Extraction, fast and easy

Transform

The type provider generates types equivalent to the following ones:

type Message = {
    Available : string
    Missing : string option
    MissingNil : MissingNil option
    Nil : Nil
}

and MissingNil = {
    Nil : bool option
    Value : int
}

and Nil = {
    Nil : bool option
    Value : decimal
}

For loading however, data should be in a format suitable for sending to a database:

type DbMessage = {
    Available : string
    Missing : string
    MissingNil : Nullable<int>
    Nil : Nullable<decimal>
}

Again, this type is generated by a type provider: this time SQLProvider.

Our first approach for mapping from XML to DB types looked like this:

let map (xmlMessage : XmlMessage.Message) =
    let missingNil =
        xmlMessage.MissingNil
        |> Option.bind (fun n -> match n.Nil with Some true -> None | _ -> Some n.Value)
        |> Option.toNullable
    let nil =
        match xmlMessage.Nil.Nil with Some true -> None | _ -> Some xmlMessage.Nil.Value
        |> Option.toNullable
    {
        Available = xmlMessage.Available
        Missing = xmlMessage.Missing |> Option.toObj
        MissingNil = missingNil
        Nil = nil
    }

From this small example it might not be obvious: MissingNil.Nil and Nil.Nil are two different types. So just extracting the matches won’t get us much further. For sure you are now really concerned about the code duplication for extracting nillable, potentially optional values. Just like I was. Fortunately there is…

A solution

The missing piece is a transformation from nillable to nullable:

type Nillable<'T> = {
    Nil : bool option
    Value : 'T
}
Nullable<'T>

This requires subsuming all Nil types in a generic Nillable<'T>. Per se, this cannot be done in F# as there are no partial classes.

In a dynamic language we would probably just assign Value. In a typed mainstream language (such as C#) we might make Nil implement a generic interface (through partial classes) or use reflection. While being safer, implementing the interface is more work. Also, the knowledge of how to uniformly treat different types should arguably not be embedded within these types.

As there are Nillable<'T> options as well and we do know how to transform Options and Nullables, trying to come up with a function Nillable<'T> -> 'T option feels natural. Also, I wanted to stick with options for validation (out of scope) as long as possible.

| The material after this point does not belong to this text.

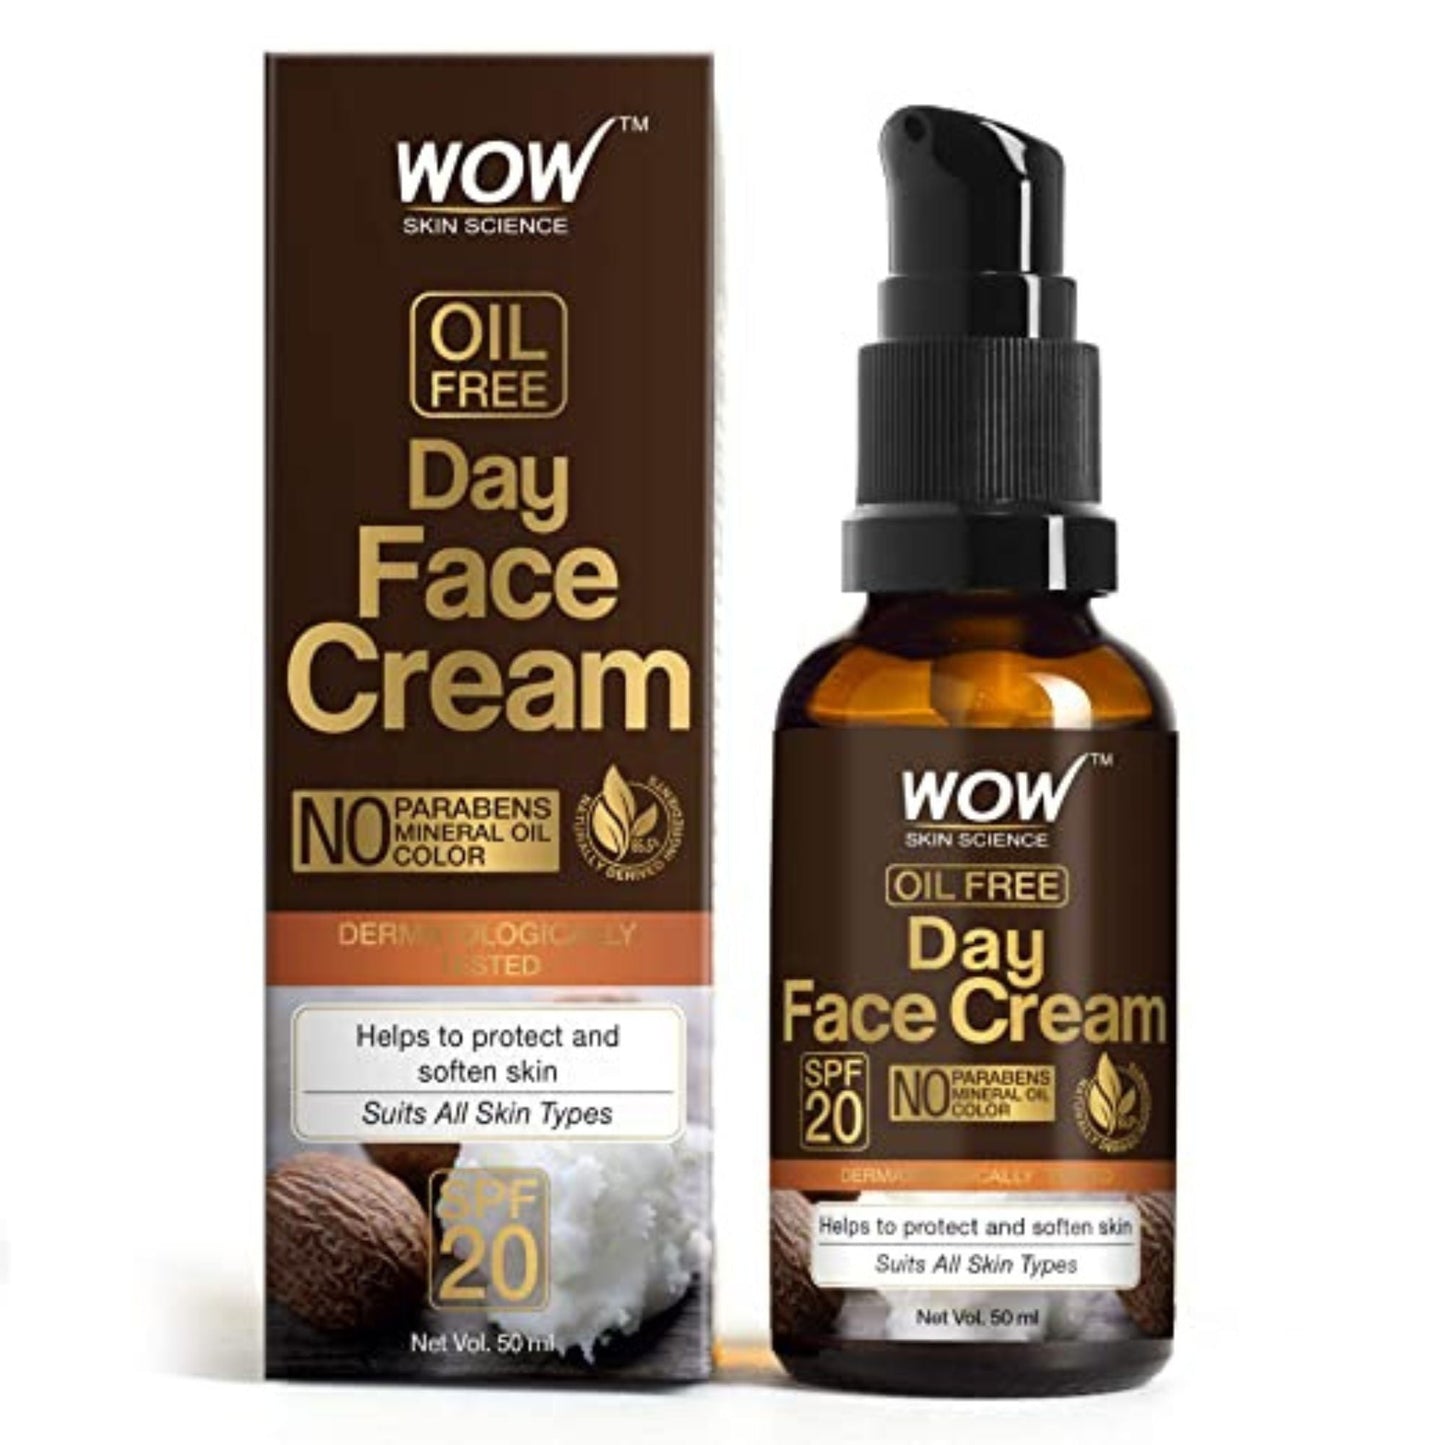 WOW Skin Science Day Face Cream - SPF 20 - with Rosehip Oil & Shea Butter - OIL FREE - Quick Absorbing - Protect & Soften Skin - No Parabens, Mineral Oil & Color - 50mL

In F# (and other languages supporting structural typing) there’s a thing called static type constraints and specifically member constraints. This allows to constrain a parameter to all types having certain members:

let inline optionOfNillable n =
        match (^N : (member Nil : bool option) n) with
        | Some true -> None
        | _ -> Some (^N : (member Value : 'T) n)

The most eye-catching feature here are the two (^X : (member Y : Z) x) expressions:

Executing the above snippet in fsi yields:

val inline optionOfNillable :
  n: ^N -> 'T option
    when  ^N : (member get_Nil :  ^N -> bool option) and
          ^N : (member get_Value :  ^N -> 'T)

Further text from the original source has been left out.